The law of numbers
What the vLex-Fastcase merger tells us about the development of legal AI tools in Canada.
Fastcase and vLex were both founded as scrappy smaller competitors in online legal research markets dominated by larger players. That all changed with their recent merger, a clear signal that legal tech companies view extensive data collection as the key to succeeding in the accelerating race to bring legal AI tools to market. Those without access to the large bodies of data required risk being left behind or beholden to third-party providers.
The newly created vLex Group will reportedly have access to more than one billion legal documents from more than 100 countries. The hope is that vLex will apply its data corpus to create natural language models that use pre-processed data to improve interactions with computer programs.
The new AI landscape is a challenging one for companies and researchers operating in jurisdictions with smaller document collections, especially in languages other than English. Unsurprisingly, AI-driven legal tools are primarily based on English data sets from the United States. But for purposes of technical expediency, the AI systems around the world are trained primarily on U.S. data, and they risk of deviating towards American norms, so they are not always well-suited to the needs of users in other legal systems. In Canada, companies must contend with distinct legal traditions and the demand for content in both English and French.
Large language models like ChatGPT can give relevant answers about laws in smaller jurisdictions, though they may still hallucinate, says Jerrold Soh, the deputy director at the Centre for Computational Law at Singapore Management University. But users of these systems will need to specify details like which jurisdiction they are looking for in their requests, requiring some sophistication.
That will likely change with time. As new systems integrate data reflecting more varied situations, the lack of data representativeness will become less of an issue. Systems training requires the input of large volumes of text. Now they're trained on datasets as large as the open internet, where there are troves of data on traditionally less represented jurisdictions. The new systems will have more varied patterns to reference.
This means they can be asked to give unbiased answers, which can improve results significantly. As more tools are built for legal research and practices tailored to specific markets, new products will require less sophistication from users.

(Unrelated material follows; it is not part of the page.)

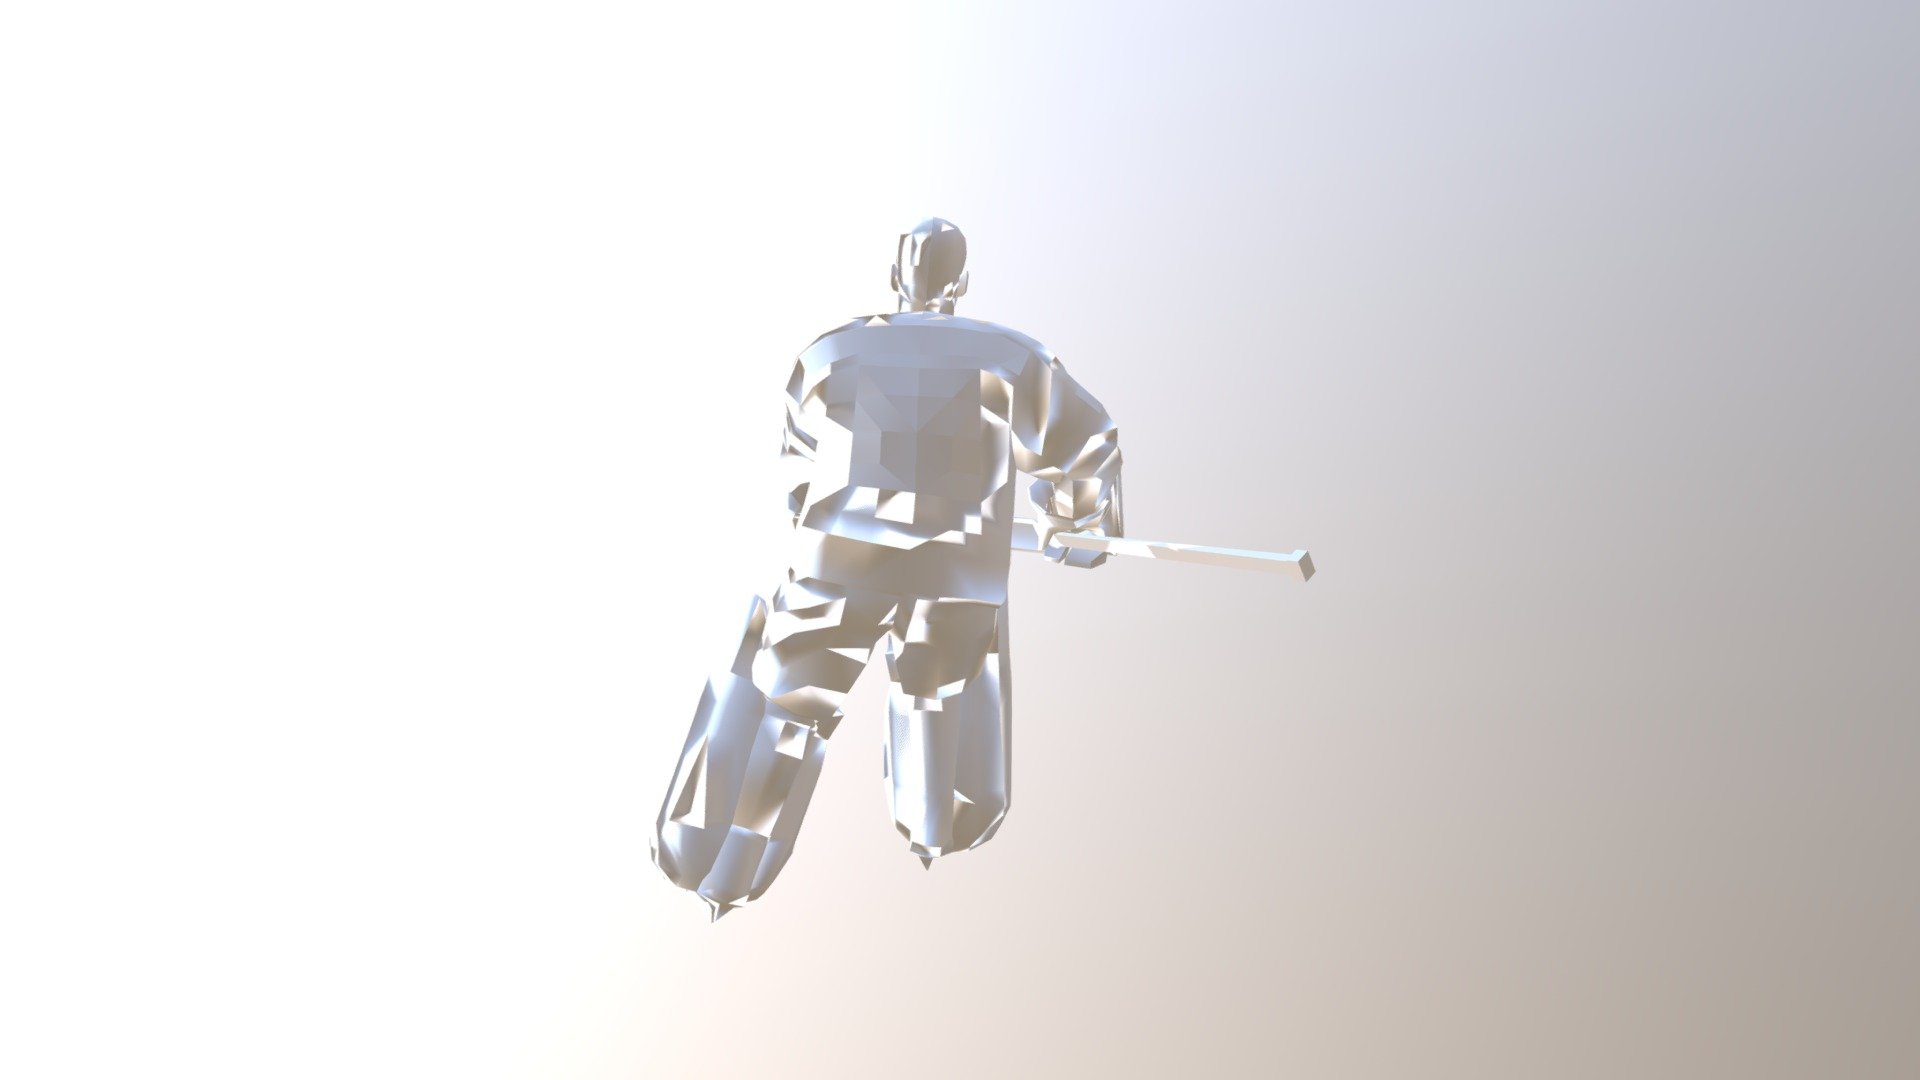 goalkeeper - 3D model by Roman.Galstyan 3d model

Legal technology firm Lexum is looking closely at how language models can support improved tools for use in Canada. It has an internal proprietary language model trained on Canadian law and has been working with openly available systems like ChatGPT, says CEO Ivan Mokanov. These have been promising, but the less glamorous work of collecting, organizing, and cleaning up court documents and legislative data is even more vital in this new environment. Applications require large volumes of structured data, which is labour-intensive to create.

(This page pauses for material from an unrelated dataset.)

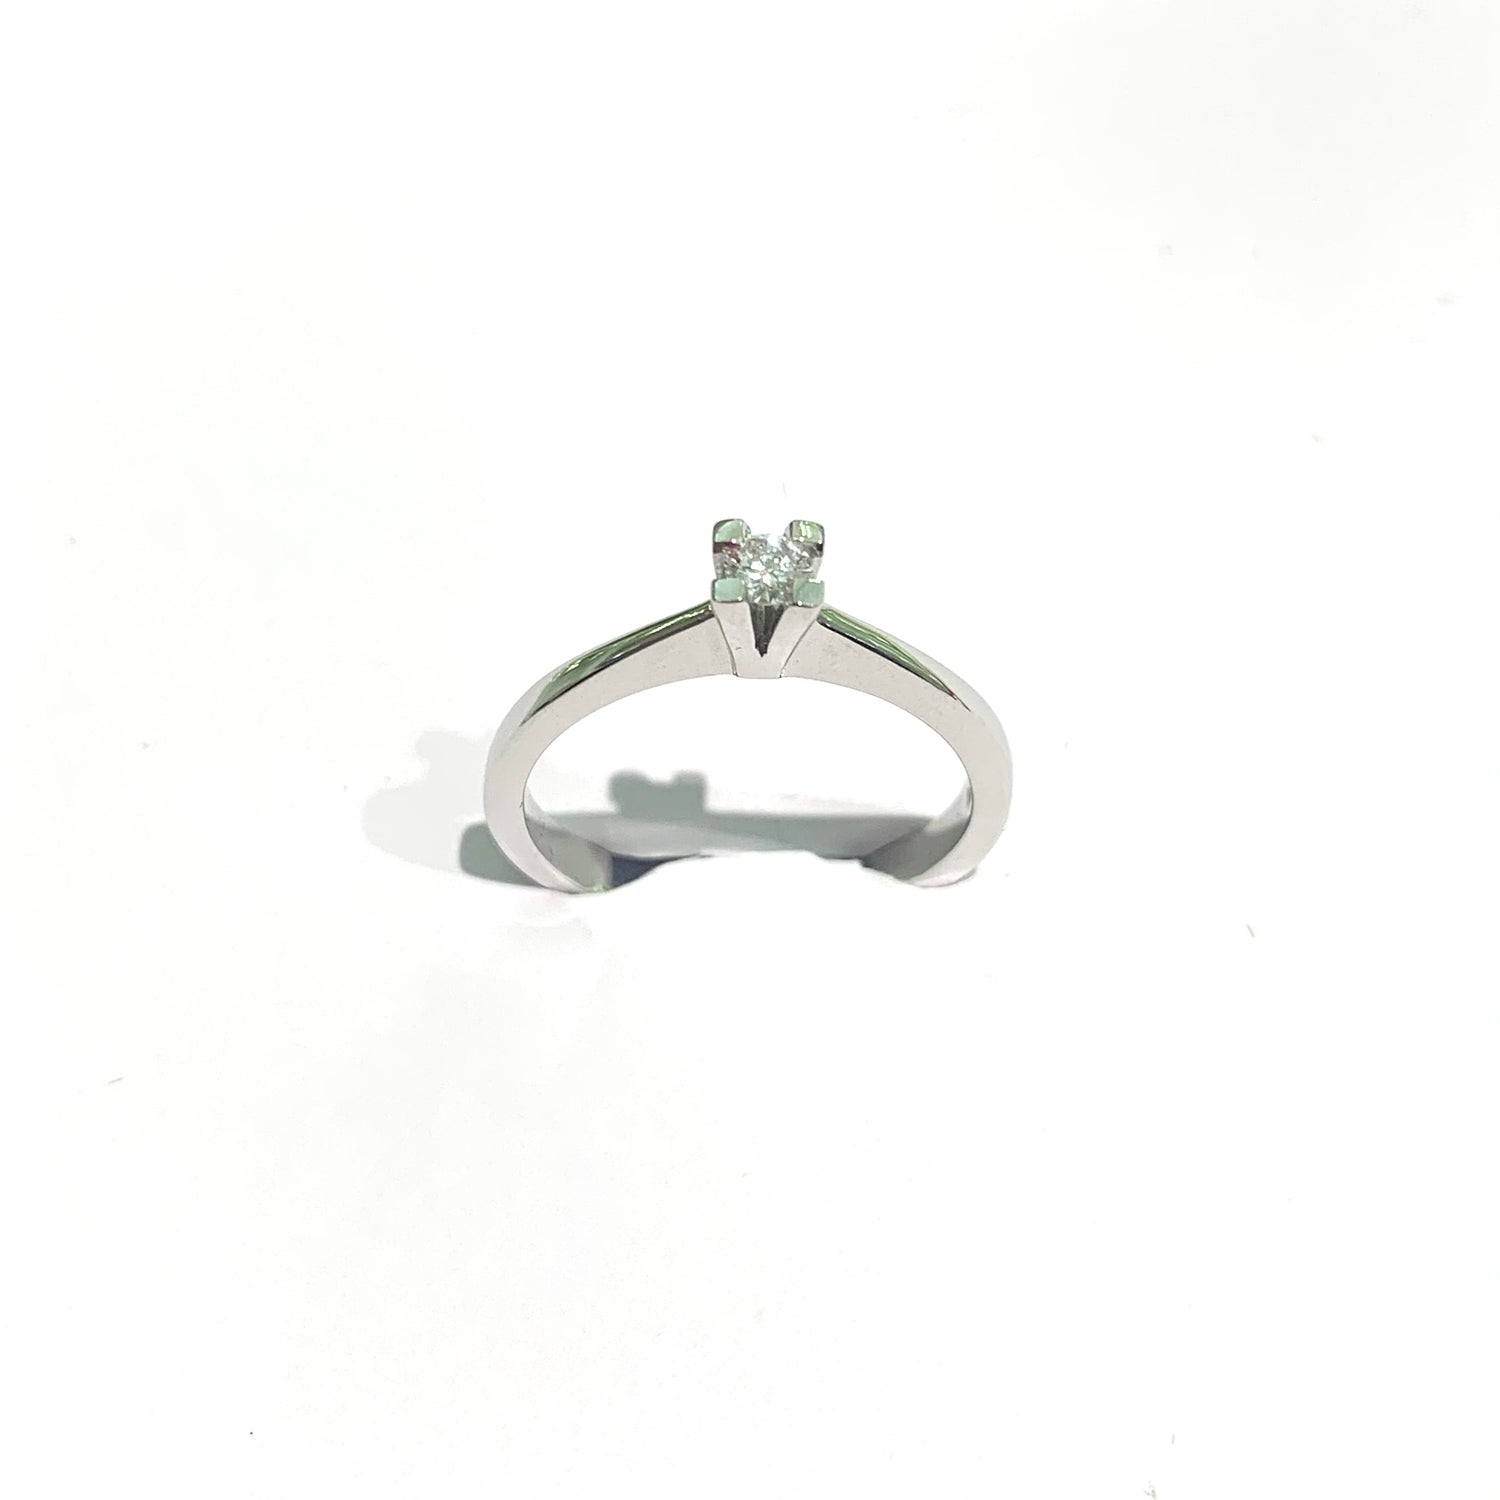 Anello in oro bianco 18kt con diamante solitario e quattro griffes.  Diamante 0,12 carati, dimensione 0,3 cm.  Misura 12.

And the data itself has to be available to feed language models, especially when it comes to smaller legal traditions, lest they be overlooked. If the data cannot be accessed, laws will not be accessible. Mokanov warns: "On a global scale, if your laws are not accessible, your legal traditions are in peril. The more accessible a legal corpus is, the more influence it will have."
None of which is to say that AI-driven systems can't or shouldn’t be used in legal contexts in Canada or elsewhere. However, it is important to consider how technology will transform the legal system. The legal community and society must decide how to balance different rights, needs, and priorities. Otherwise, technologists will make those decisions for them.